The Ring of Kerry | Part II

Today we had no plan. It was meant to be our big adventure to Skellig. We decided instead to take the driving route called The Ring of Skellig, which later rejoins the Ring of Kerry which in turn would take us homewards back to Killarney. And we would stop and walk as the mood took us along the route.

Our first stop proclaimed itself as the best cliffs in Kerry. We parked and paid the entrance fee; we were a little sceptical but to be fair it ended up being a pretty impressive trail. It wasn’t a really long walk, only a few kilometres but it was really steep in places. The owners had made great paths along the cliffs with very secure fencing, which was just as well as we got very close to the edge at times.

It was a glorious morning, as always the wind was blowing, but the sky was blue-ish and the sun shone and all the while, as we walked, Skellig Micheal gleamed back in a calm sea. We would definitely have been able to land today if the rockslide hadn’t closed the island.

We returned to the car and continued along the coast. We stopped wherever road signs suggested there was something to see. Its actually a pretty good system; there are signs for the Ring of Kerry, the Ring of Skellig and the Wild Atlantic Way. We decided that if there are at least two of these and a brown “tourist” sign then it’s definitely worth stopping.

One such place took us to a car park and beyond to a huge huge bay.
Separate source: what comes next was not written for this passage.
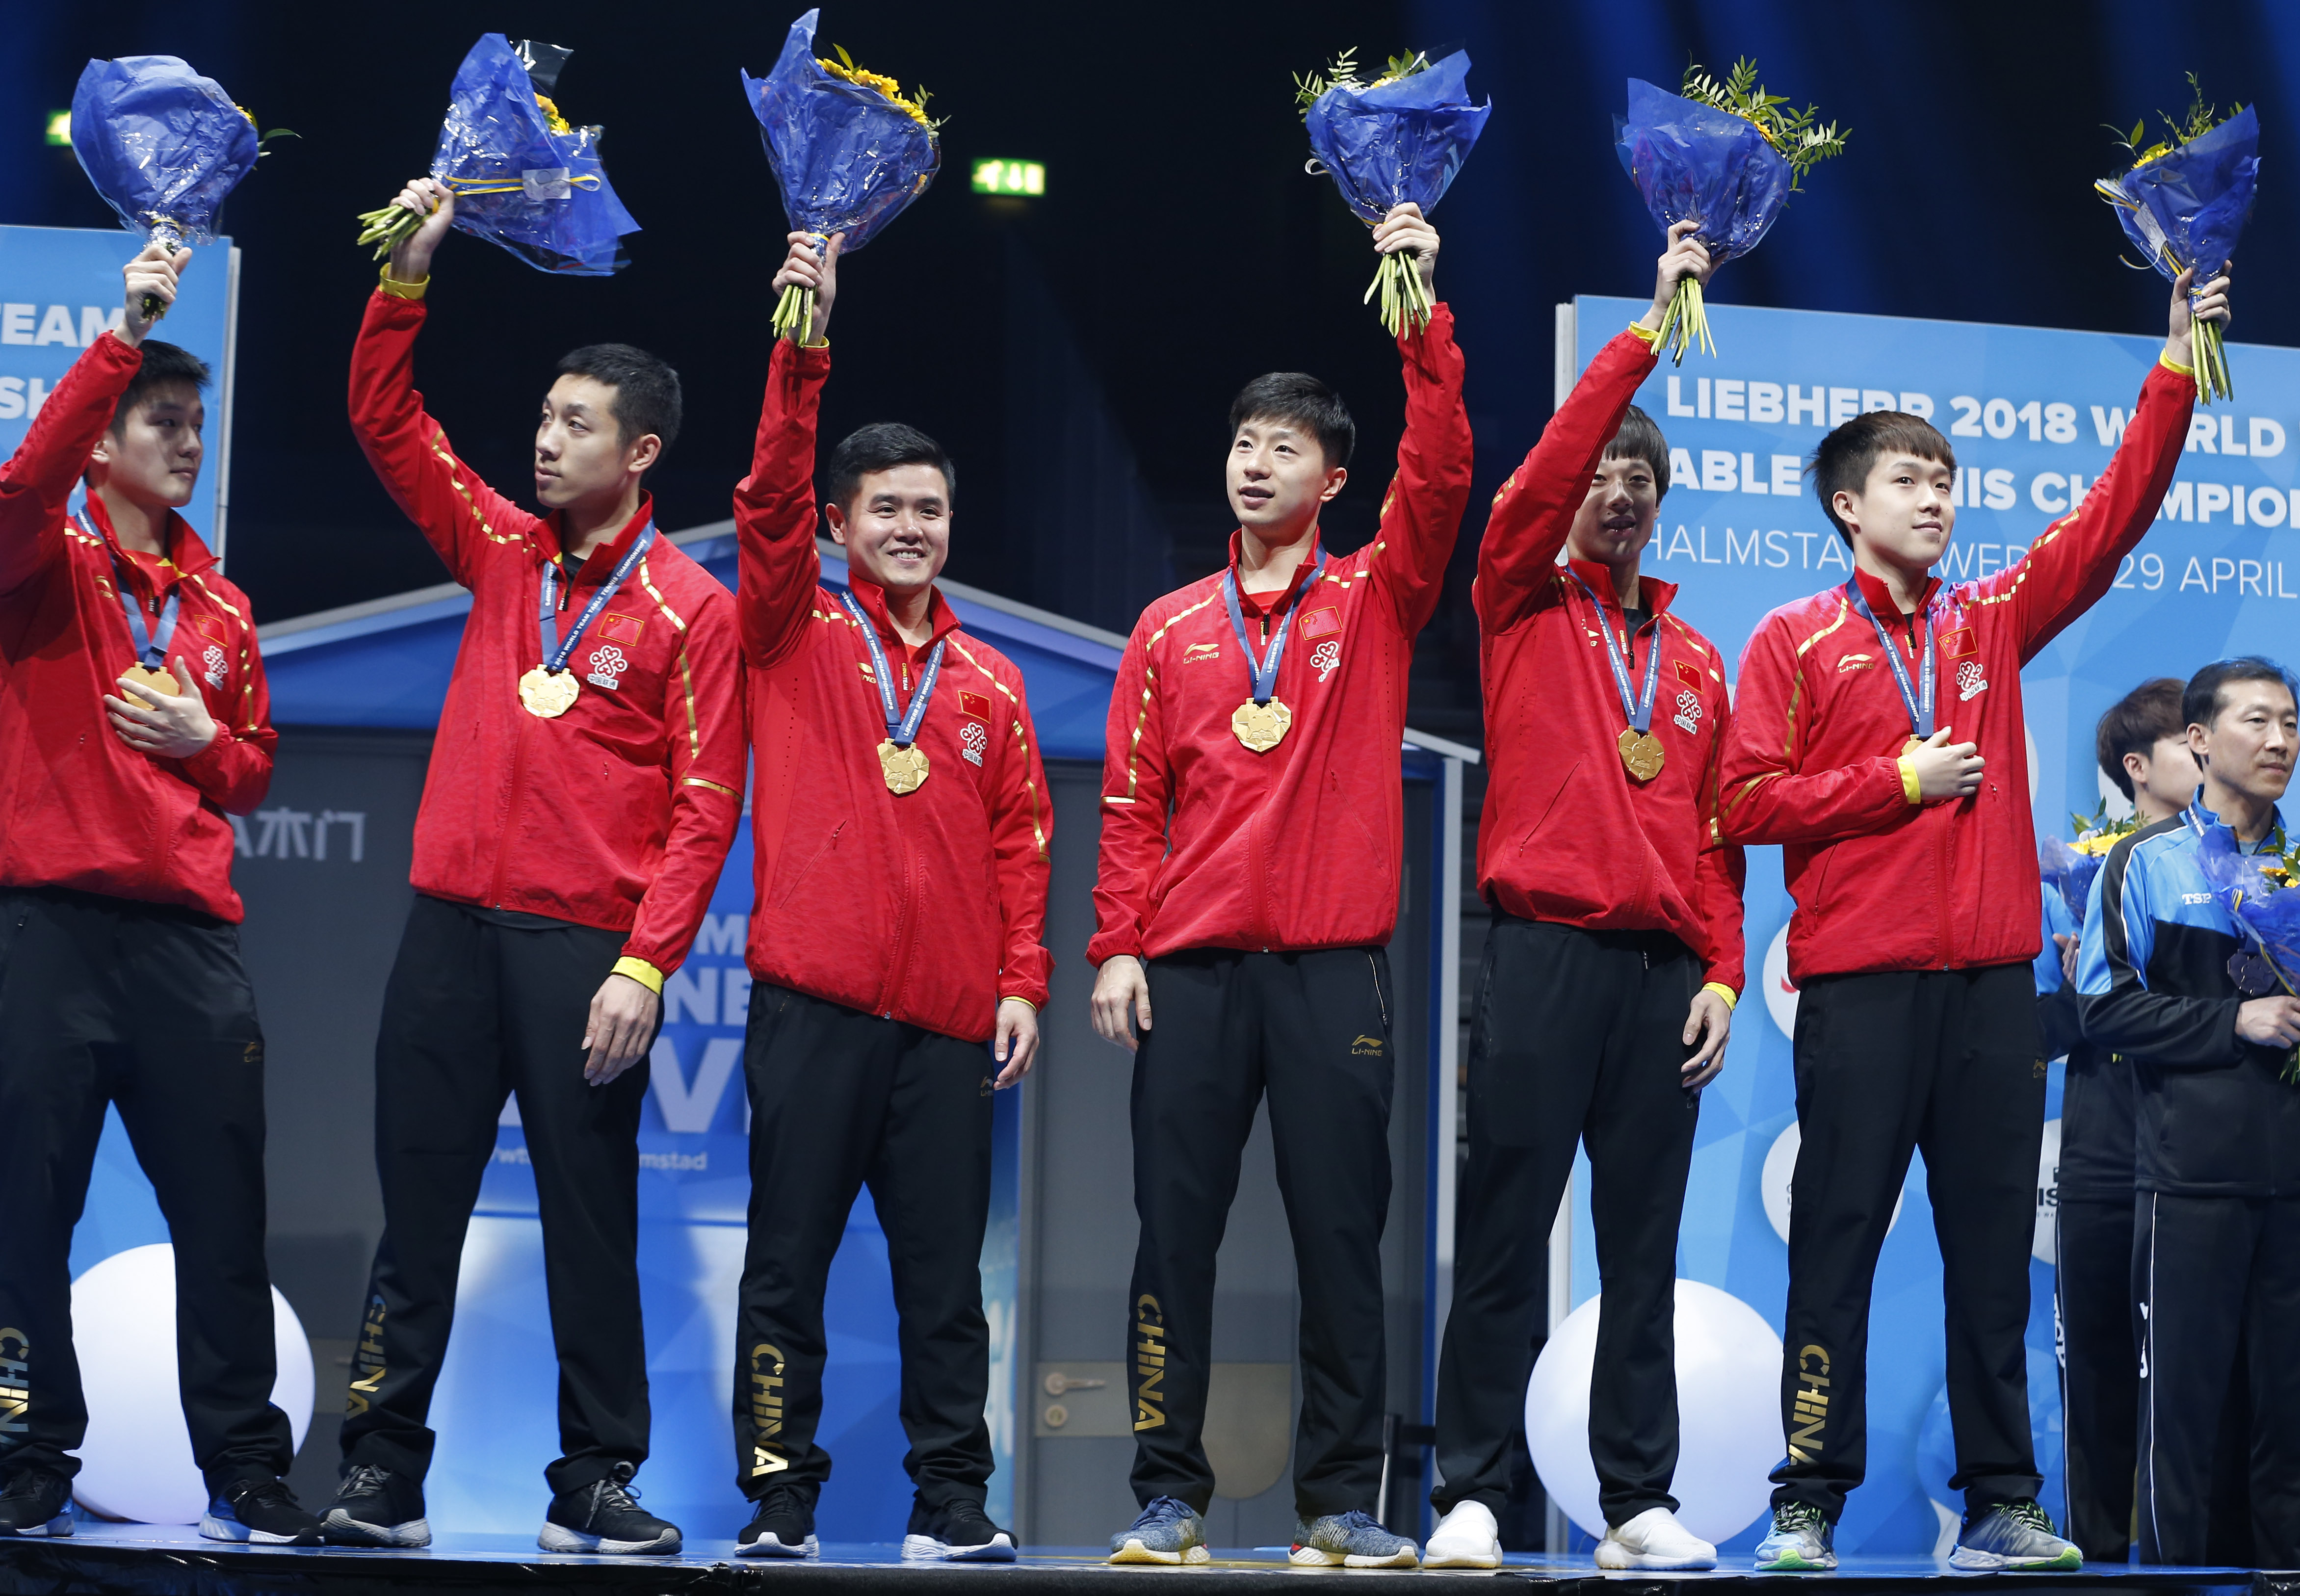 乒乓球团体锦标赛(决赛)男子决赛中,中国队以3比0战胜德国队,夺得冠军

We walked to one end of the bay to view an old Abbey. Very little remains of the Abbey but the views were good. Then we walked back and around the shoreline, dodging jellyfish (we’ve seen lots on the beaches so I guess this is pretty common in Ireland). The sand is soft and golden and the sweep of the bay just went on for miles. It is well protected from the Atlantic by the smattering of islands and it was just glorious. We could have stayed for much longer but time was pressing so after a long walk along the sea shore we returned to the car.

More driving, more stopping, more strolling. Today has been all about green hills rolling down to grey cliffs or golden beaches or a blue sea under an even paler blue sky. And if not walking along deserted sandy beaches we’ve been driving through country lanes lined with great froths of white daisies or yellow buttercups. It feels like Ireland might live in the permanent state of Spring. It was another glorious day. It wasn’t the day we planned but it turned out to be a glorious alternative that we would have never seen. What lucky retirees we are.